Incorrect result from first-run autotune function

jgong5 commented 1 year ago

Repro:

import torch
from torch._C import _cuda_getCurrentRawStream as get_cuda_stream

import triton
import triton.language as tl

@triton.autotune(
    configs=[
        triton.Config({'XBLOCK': 1, 'RBLOCK': 64}),
        triton.Config({'XBLOCK': 1, 'RBLOCK': 64}),
    ],
    key=['xnumel', 'rnumel',],
)
@triton.jit
def kernel(in_out_ptr0, in_ptr0, in_ptr1, in_ptr2, in_ptr4, xnumel, rnumel, XBLOCK : tl.constexpr, RBLOCK : tl.constexpr):
    xnumel = 392
    rnumel = 384
    xoffset = tl.program_id(0) * XBLOCK
    xindex = xoffset + tl.reshape(tl.arange(0, XBLOCK), [XBLOCK, 1])
    xmask = xindex < xnumel
    rbase = tl.reshape(tl.arange(0, RBLOCK), [1, RBLOCK])
    x0 = xindex % 196
    x1 = (xindex // 196)
    _tmp3 = tl.zeros([XBLOCK, RBLOCK], tl.float32) + 0
    x3 = xindex
    _tmp6 = tl.zeros([XBLOCK, RBLOCK], tl.float32) + 0
    for roffset in range(0, rnumel, RBLOCK):
        rindex = roffset + rbase
        rmask = rindex < rnumel
        r2 = rindex
        tmp0 = tl.load(in_ptr0 + (x0 + (196*r2) + (75264*x1)), xmask & rmask, eviction_policy='evict_last')
        tmp1 = tl.load(in_ptr1 + (r2), rmask, eviction_policy='evict_last')
        tmp4 = tl.load(in_ptr2 + (x0 + (196*r2) + (75264*x1)), xmask & rmask, eviction_policy='evict_last')
        tmp2 = tmp0 * tmp1
        _tmp3 = tl.where(xmask & rmask, _tmp3 + tmp2, _tmp3)
        tmp5 = tmp2 * tmp4
        _tmp6 = tl.where(xmask & rmask, _tmp6 + tmp5, _tmp6)
    tmp3 = tl.reshape(tl.sum(_tmp3, 1), [XBLOCK, 1])
    tmp6 = tl.reshape(tl.sum(_tmp6, 1), [XBLOCK, 1])
    tmp8 = tl.load(in_ptr4 + (x3), xmask)
    for roffset in range(0, rnumel, RBLOCK):
        rindex = roffset + rbase
        rmask = rindex < rnumel
        r2 = rindex
        tmp7 = tl.load(in_out_ptr0 + (r2 + (384*x3)), xmask & rmask, eviction_policy='evict_last')
        tmp9 = tl.load(in_ptr0 + (x0 + (196*r2) + (75264*x1)), xmask & rmask, eviction_policy='evict_last')
        tmp10 = tl.load(in_ptr1 + (r2), rmask, eviction_policy='evict_last')
        tmp15 = tl.load(in_ptr2 + (x0 + (196*r2) + (75264*x1)), xmask & rmask, eviction_policy='evict_last')
        tmp11 = tmp9 * tmp10
        tmp12 = 384
        tmp13 = tmp11 * tmp12
        tmp14 = tmp13 - tmp3
        tmp16 = tmp15 * tmp6
        tmp17 = tmp14 - tmp16
        tmp18 = tmp8 * tmp17
        tmp19 = tmp7 + tmp18
        tl.store(in_out_ptr0 + (r2 + (384*x3) + tl.zeros([XBLOCK, RBLOCK], tl.int32)), tmp19, xmask & rmask)

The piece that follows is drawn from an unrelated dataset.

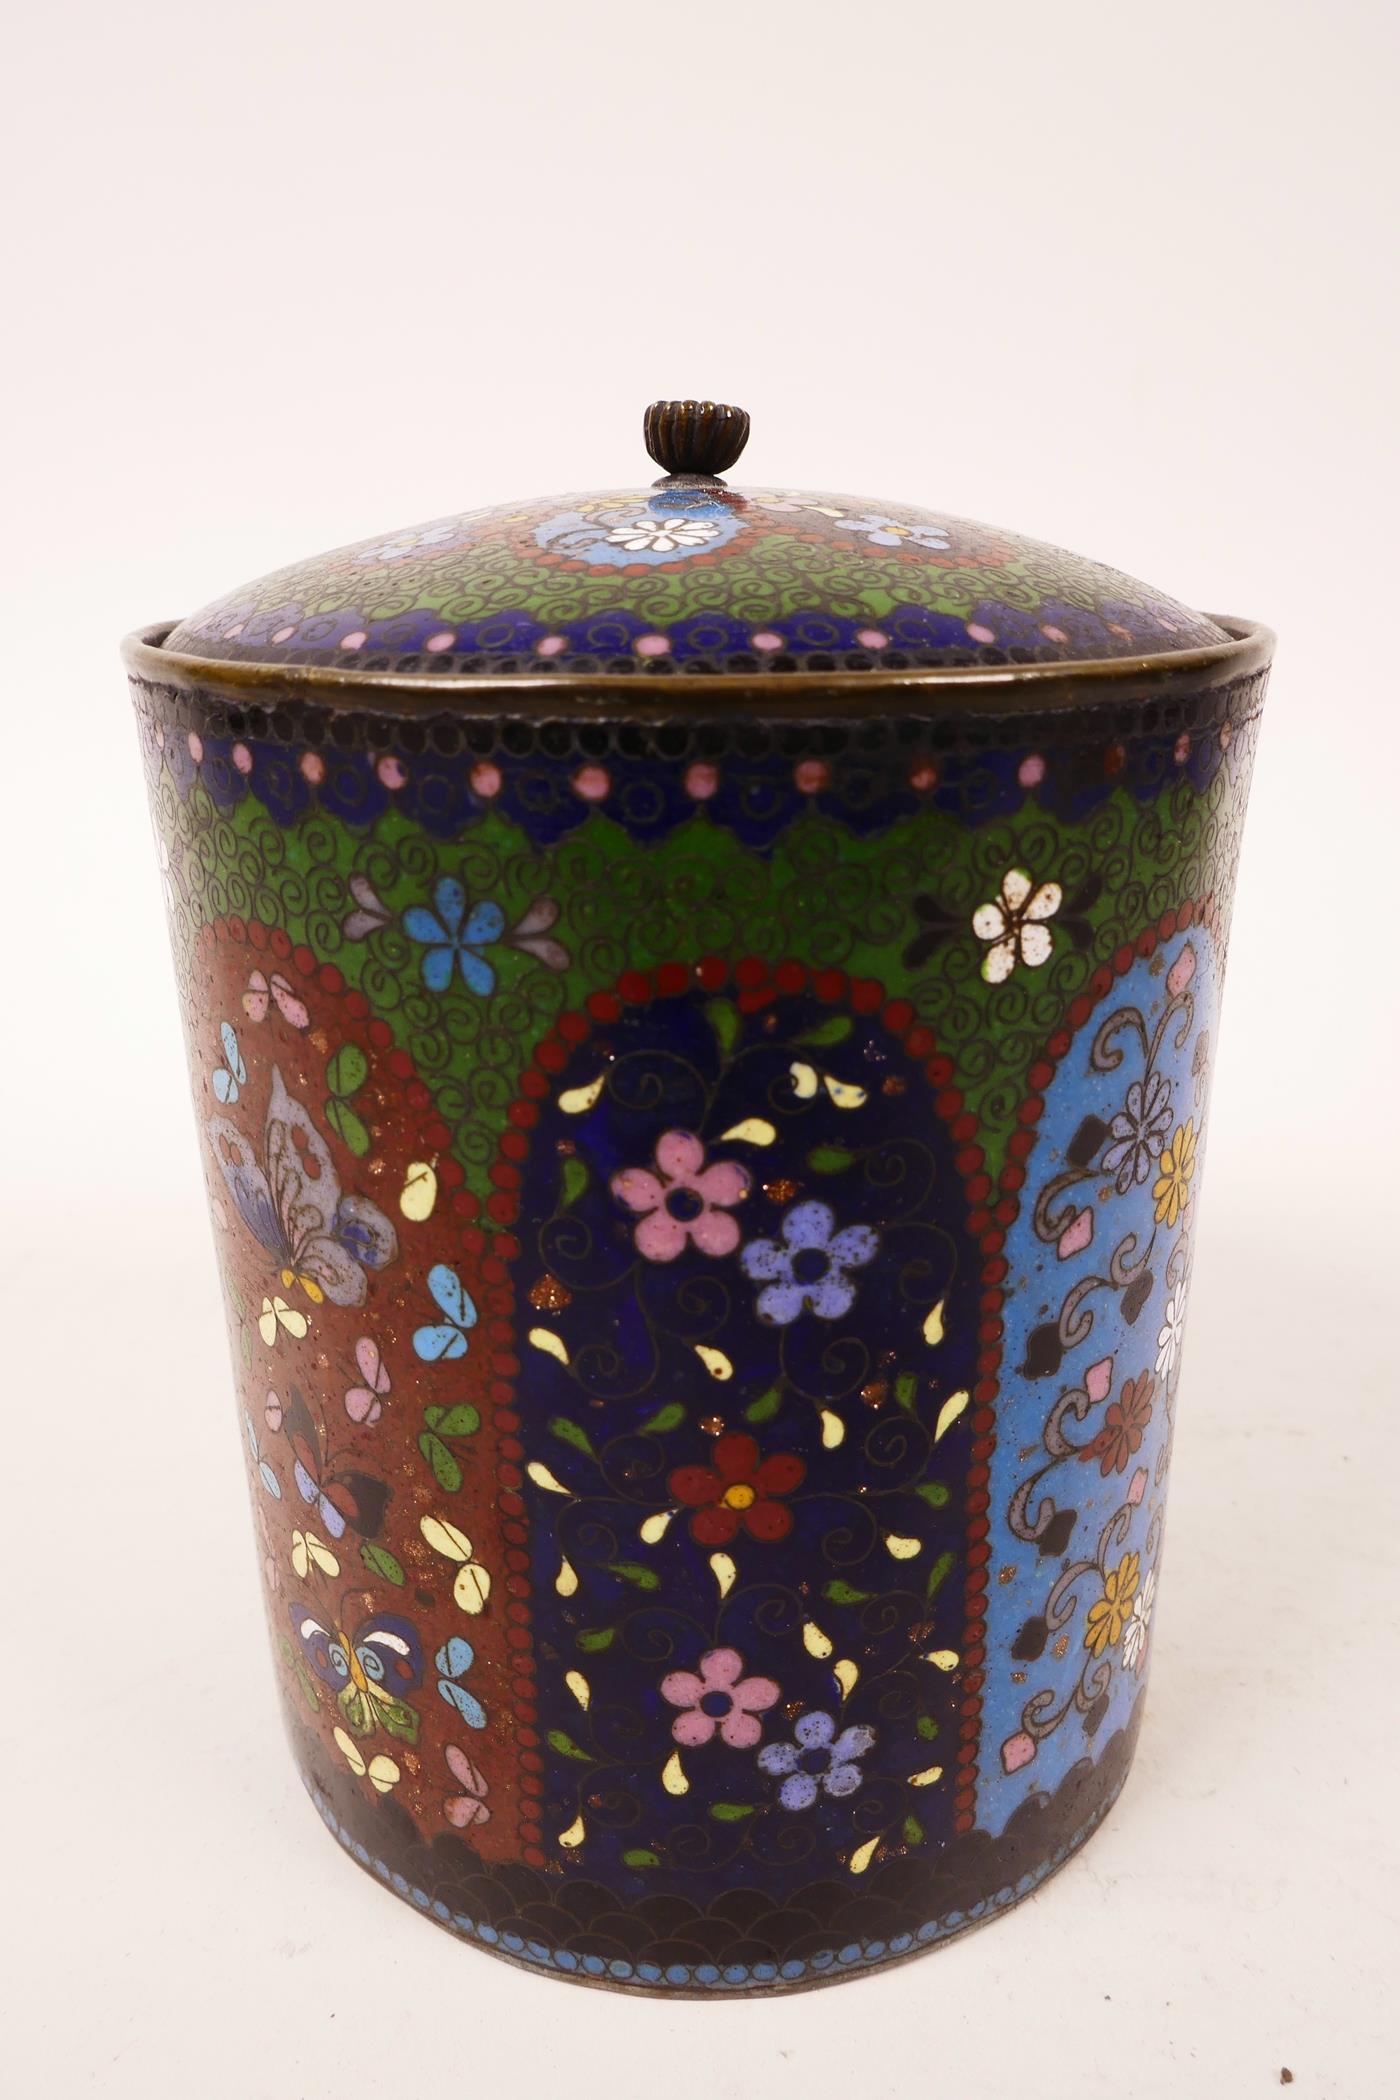 A cloisonne jar and cover, 5" high

if __name__ == "__main__":
    def rand_strided(size, stride, dtype=torch.float32, device="cpu"):
        needed_size = sum((shape - 1) * stride for shape, stride in zip(size, stride)) + 1
        if dtype.is_floating_point:
            buffer = torch.randn(needed_size, dtype=dtype, device=device)
        else:
            buffer = torch.ones(size=[needed_size], dtype=dtype, device=device)
        return torch.as_strided(buffer, size, stride)
    torch.manual_seed(1337)

    def grid(xnumel):
        from triton import cdiv
        """Helper function to compute triton grids"""
        def grid_fn(meta):
            return (
                cdiv(xnumel, meta["XBLOCK"]),
                1,
                1,
            )
        return grid_fn

    div_3 = rand_strided((2, 196, 1), (196, 1, 392), device='cuda', dtype=torch.float32)
    mul = rand_strided((2, 196, 384), (75264, 1, 196), device='cuda', dtype=torch.float32)
    primals_3 = rand_strided((384, ), (1, ), device='cuda', dtype=torch.float32)
    buf34 = rand_strided((2, 384, 196), (75264, 196, 1), device='cuda', dtype=torch.float32)
    buf39_1 = rand_strided((2, 196, 384), (75264, 384, 1), device='cuda', dtype=torch.float32)
    buf39_2 = buf39_1.clone()
    buf39_3 = buf39_1.clone()

    stream0 = get_cuda_stream(0)
    kernel.run(buf39_1, buf34, primals_3, mul, div_3, 392, 384, grid=grid(392), stream=stream0)
    kernel.run(buf39_2, buf34, primals_3, mul, div_3, 392, 384, grid=grid(392), stream=stream0)
    kernel.run(buf39_3, buf34, primals_3, mul, div_3, 392, 384, grid=grid(392), stream=stream0)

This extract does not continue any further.